On the same day, Anastasia Dagaeva, an aviation journalist published an article on the website of the Carnegie Moscow Center about the Sukhoi Superjet 100, the aircraft involved in the fire. Dagaeva paints a grim picture of Russia’s aviation industry, claiming that the “Superjet”, manufactured by the United Aircraft Corporation became popular mostly due to the hype it earned as a flagship project supported by the government, which guaranteed it a large number of sales through subsidies and tax breaks, but also prevented developers from discussing design flaws openly. This week’s disaster will likely not ground United Aircraft either, Dagaeva added, since if all else fails, the Interior Ministry or the Federal Security Bureau can chip in to prop up the company.

The story told by Dagaeva echoes other, similar stories from past years, in which questionable projects were directly or indirectly supported by the Russian state for prestige reasons and through political connections, sometimes damaging state institutions or the non-state sector. Rosneft, the poorly managed, heavily indebted oil company led by Igor Sechin, a former Putin aide, has grown through several costly acquisitions and questionable court cases bordering blackmail since 2012. These have eroded trust in the Russian judicial system and weighed heavily on Russia’s finances, most recently last year when, according to information unearthed by Reuters, VTB, a state-owned bank had to finance the acquisition of the privatization of a 19.5 percent stake in the company by Qatar’s sovereign wealth fund. In recent years, Rosneft has also spent billions of dollars propping up Venezuela’s crumbling regime through financing joint ventures with the Venezuelan state oil company for political reasons. Or take the Sochi Olympics, another highly corrupt vanity project. The games were originally planned to cost $12 billion, but due mostly to large-scale corruption the final figure was closer to $51 billion. The games were financed, to a large part, through the state-owned VEB investment bank, which then had to request state support.

Snegovaya’s list, on its part, shows how a Russian government, which still strongly relies on television to shape public opinion, is becoming increasingly detached from domestic issues and, unable to get its priorities right in a war-like, foreign policy-heavy public atmosphere that it itself created.

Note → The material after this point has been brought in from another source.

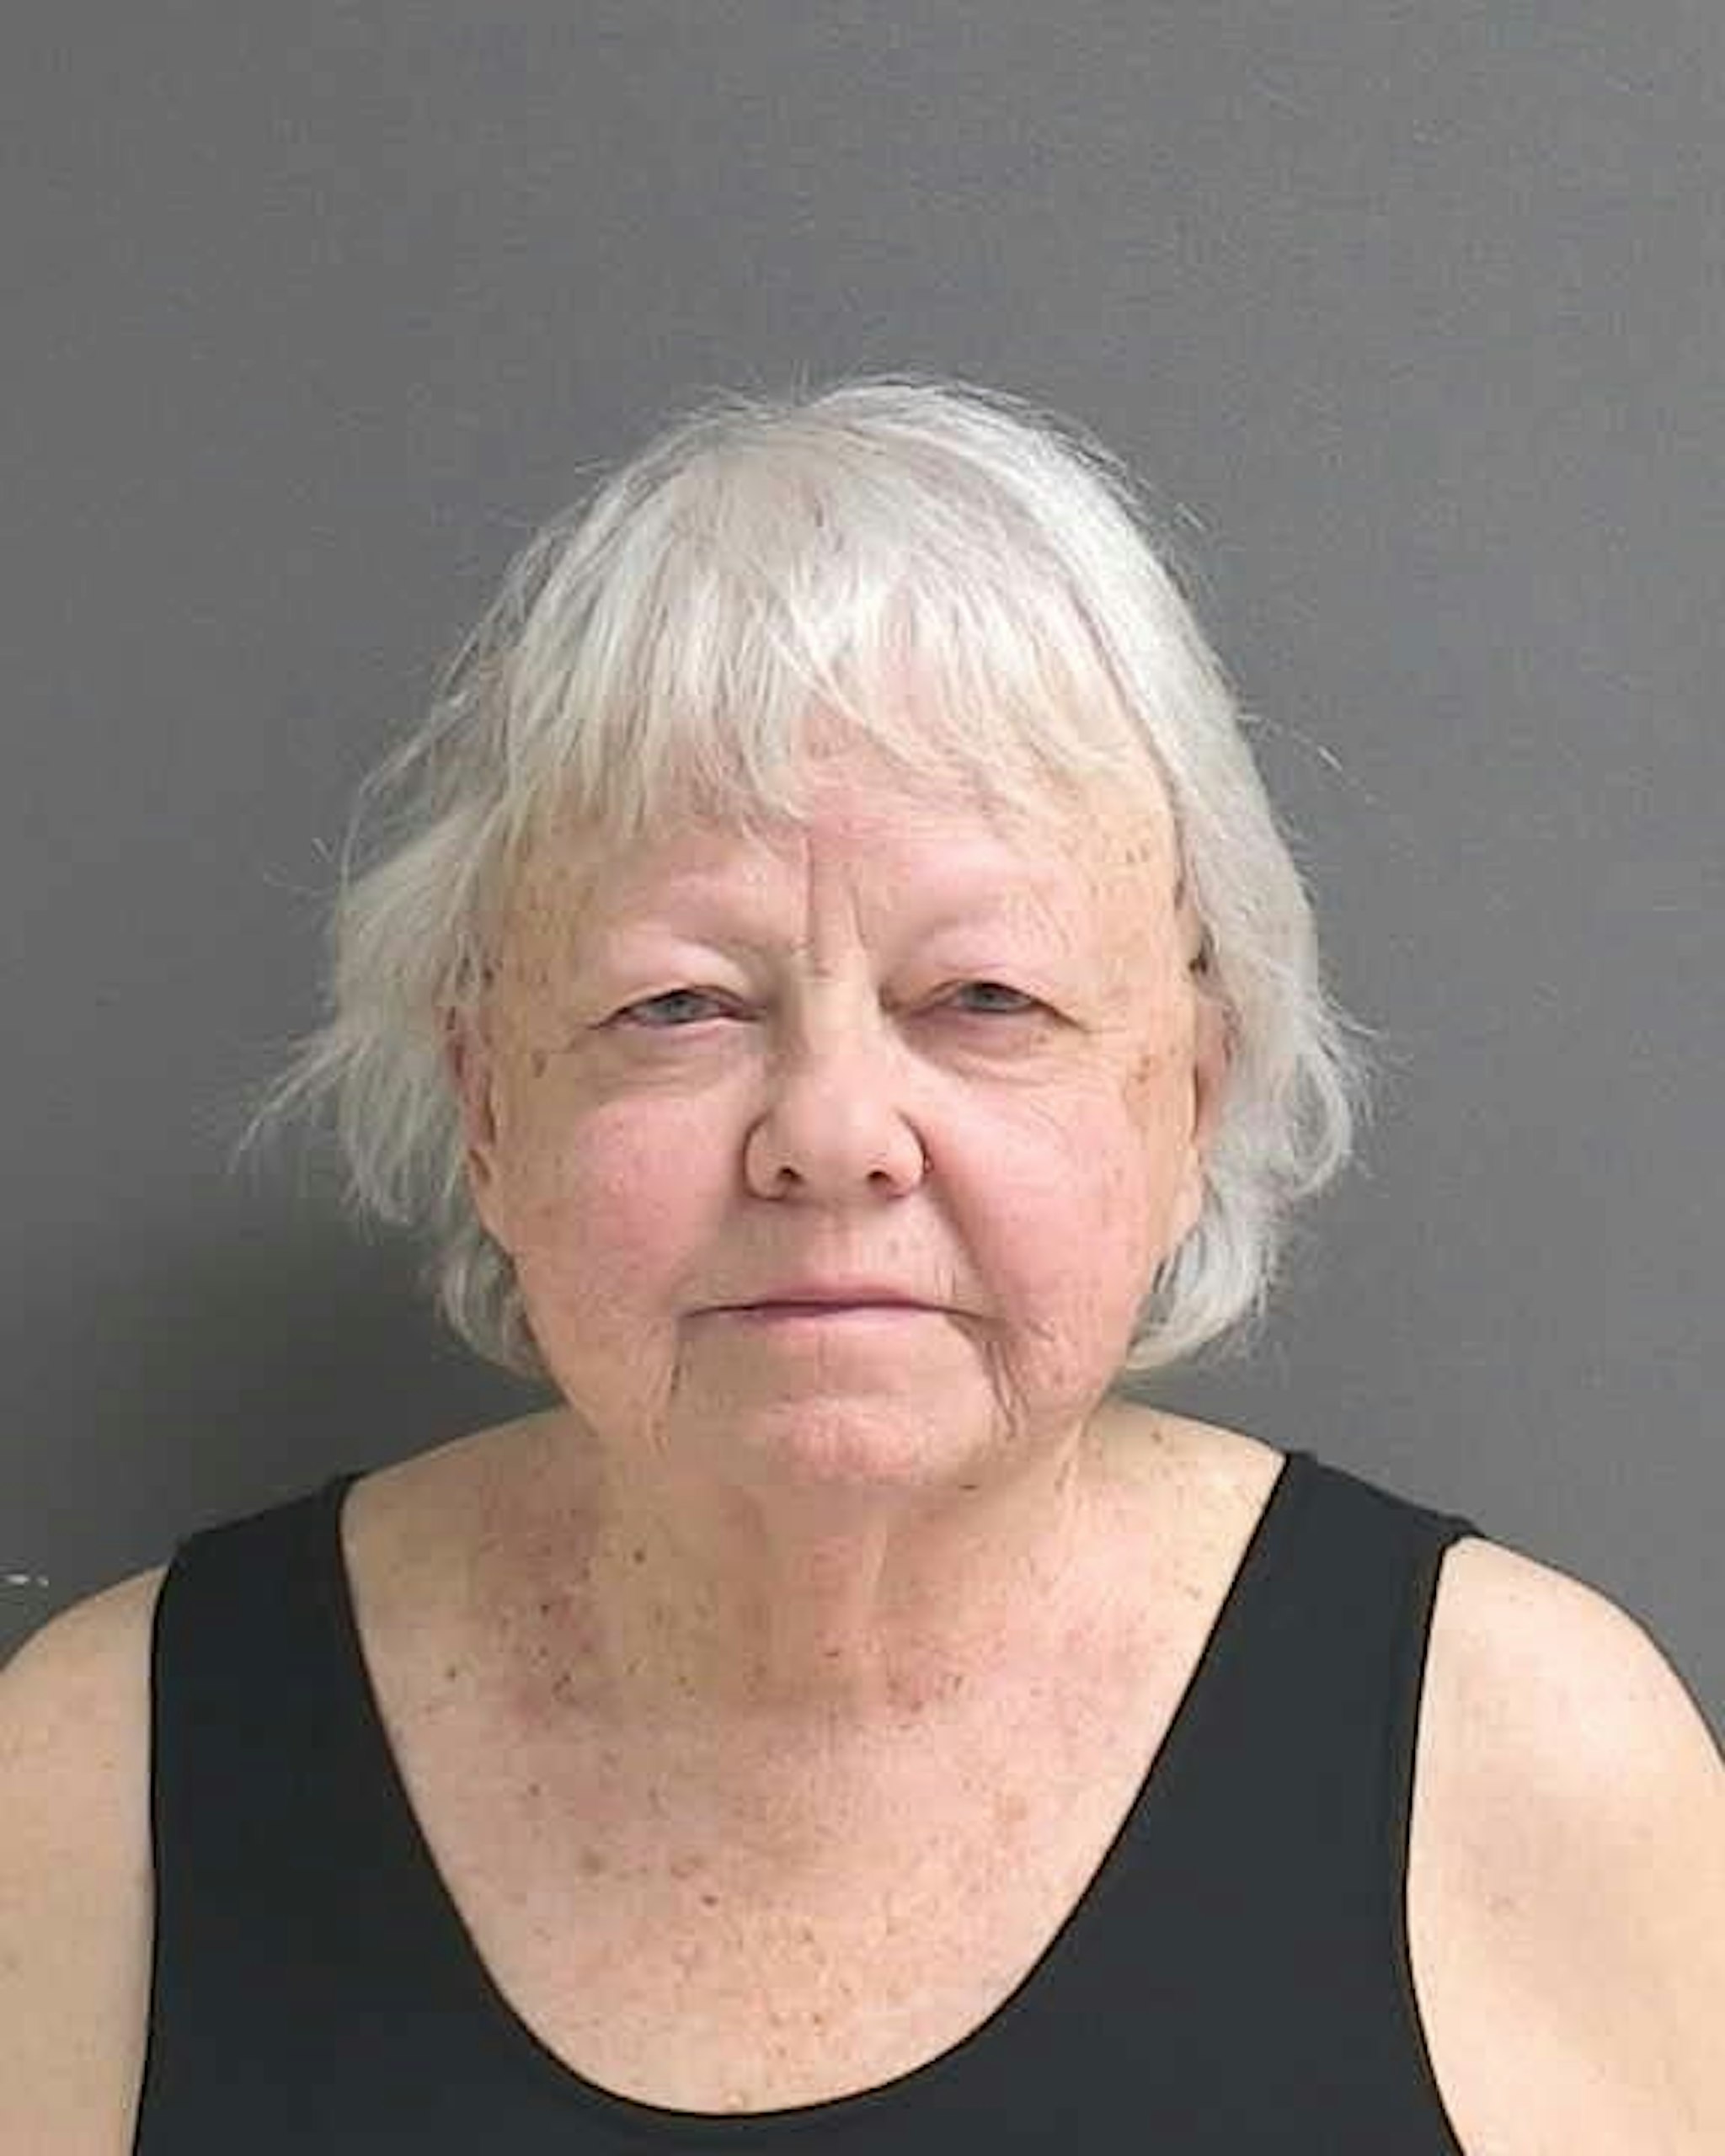 Ellen Gilland has been charged with first-degree murder and aggravated assault with a deadly weapon after she shot her terminally ill husband in his hospital room.

Downplaying the gravity of and withholding information about major accidents and disasters is of course not a novel feature of Russian (Soviet) government communication, but it has always betrayed insecurity and the rigidness of a top-heavy decision-making structure in crisis situations. And that top-heavy decision-making is not going anywhere. In the latest iteration of turning public servants and lower-level political leaders into efficient managers, the Kremlin has recently published a list “key performance indicators” (KPIs – corporate benchmarks that have been tried out by various governments, including Russia’s, in the public sector in past decades, with very little success) for governors. These range from the state of their region’s road network to “trust in the government” (at the first place) – governors are supposed to deliver on 15 different performance indicators, all while their political authority and budgetary autonomy has been steadily decreasing for years. The contradiction, it seems, is lost on Russia’s federal leaders.

Thus the deadly crash of an airliner becomes a snapshot of a government that is trying to govern political subjects through corporate means and corporations through means of politics.